Ma su questo specifico punto, oltre al dovere dell'ottimismo, il premier appare convinto delle risposte che ha dato a tutti, nella sua prima giornata asiatica. Ritiene che «alla fine di questo test, quando la politica tradizionale tornerà non sarà quella solita, gli italiani saranno più esigenti, non accetteranno più promesse generiche»; e se non bastasse, aggiunge, «finora il Paese si è mostrato più pronto di quello che immaginavo e se qualche segno di scarso gradimento c'è stato è andato verso protagonisti del percorso politico, non verso il governo».
Insomma, quello che non gli appartiene è partecipare al gioco dei commenti incrociati dei partiti, alla possibilità, che inizia ad essere evocata, di una crisi parlamentare. «Potremmo non restare…» è anche una risposta a tutto questo, al desiderio di sottrarsi a delle polemiche cui risponde ripercorrendo le tappe della riforma sul lavoro: «Non abbiamo avuto il tempo che ha avuto la Germania, tre anni; se l'avessimo avuto noi la riforma sarebbe stata certamente molto migliore, avrebbe fatto piacere a me e al ministro».
Ma quel tempo, prosegue Monti, in Italia non è disponibile. Una trattativa più lunga avrebbe magari consentito l'uso dello strumento del decreto legge. Ma non per raggiungere quel «punto di equilibrio» che a suo giudizio è stato comunque raggiunto; equilibrio che sarebbe certamente saltato, aggiunge, «se fossimo stati più comprensivi con la Cgil», finendo con lo scontentare gli industriali.

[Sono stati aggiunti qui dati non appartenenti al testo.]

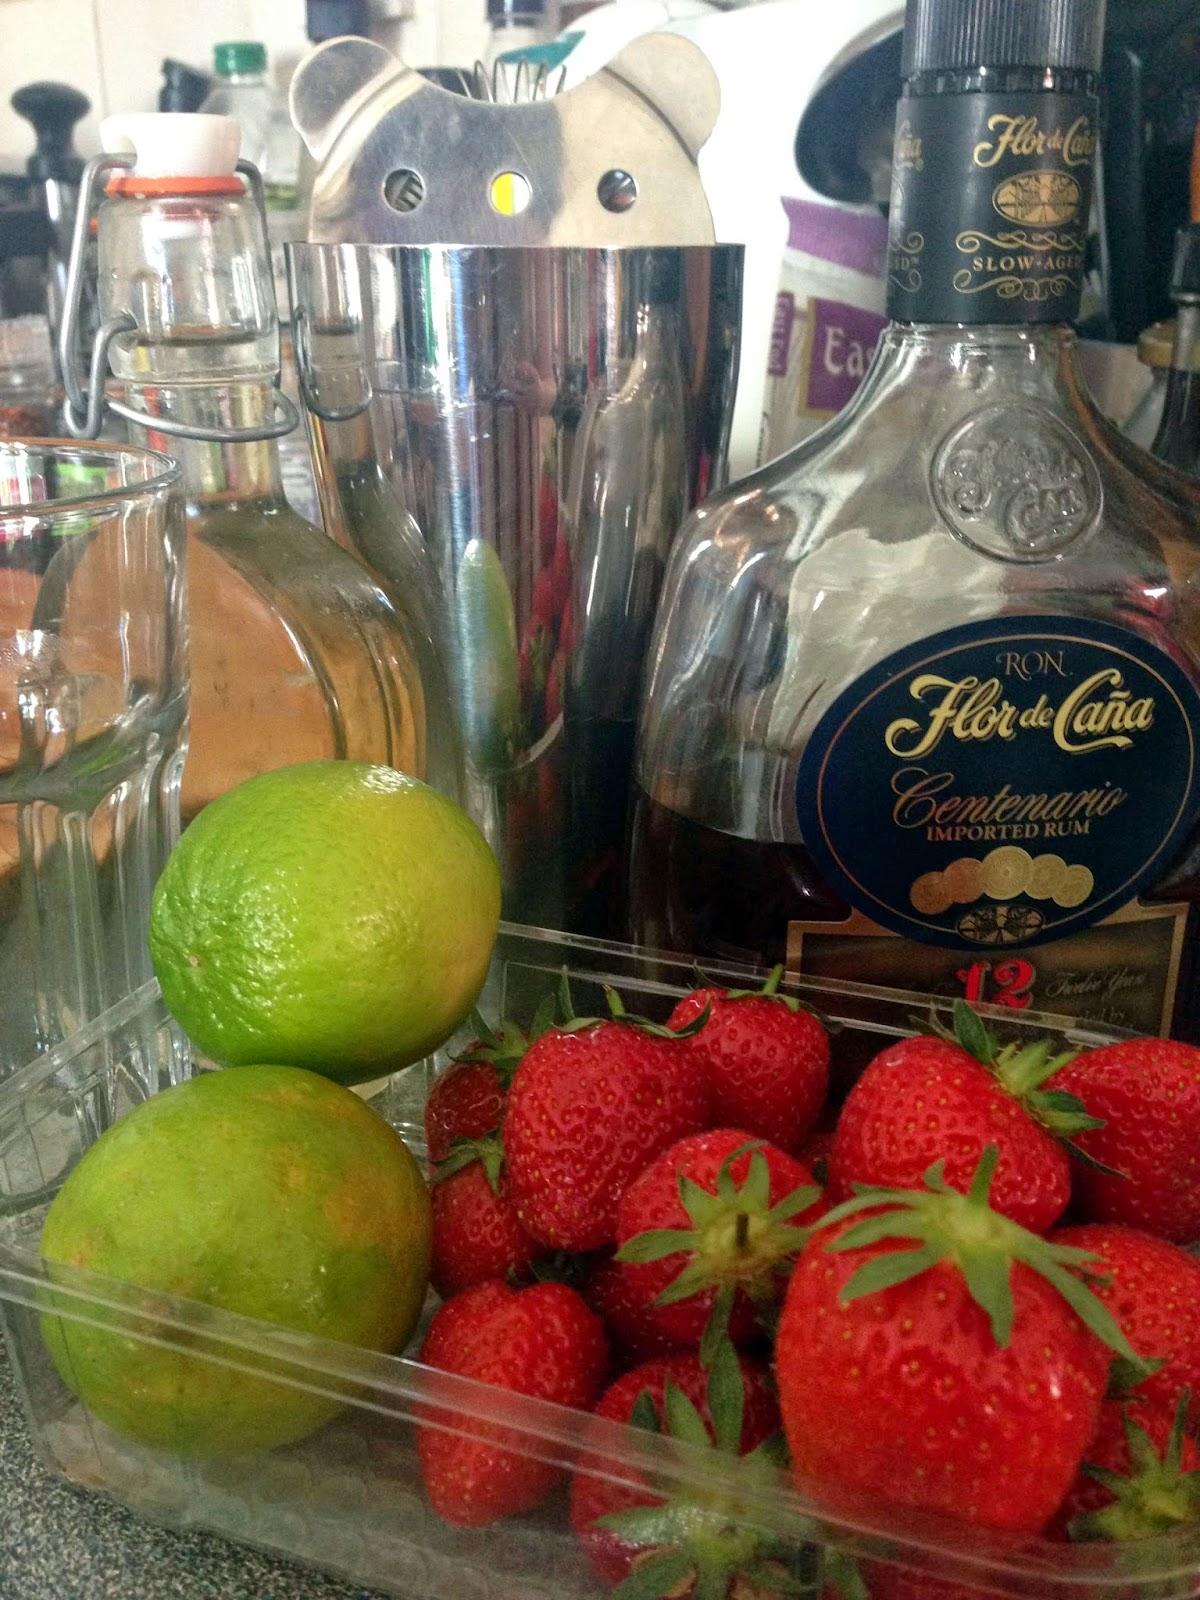 Stitch & Bear - Strawberry daiquiri - ingredients

In sintesi: cercheremo di «avere un risultato finale, in tempi non troppo lunghi, il più vicino possibile al testo varato. Ci rendiamo conto delle difficoltà di ciascuno, e ci rendiamo conto che deve essere il Parlamento a decidere. Ed è nostra responsabilità presentargli una proposta che riteniamo equa e abbastanza incisiva». Detto questo: «Sento il peso di decisioni non facili», la situazione «dell'Italia era piuttosto grave», abbiamo solo «cercato di essere equi nel distribuire i sacrifici».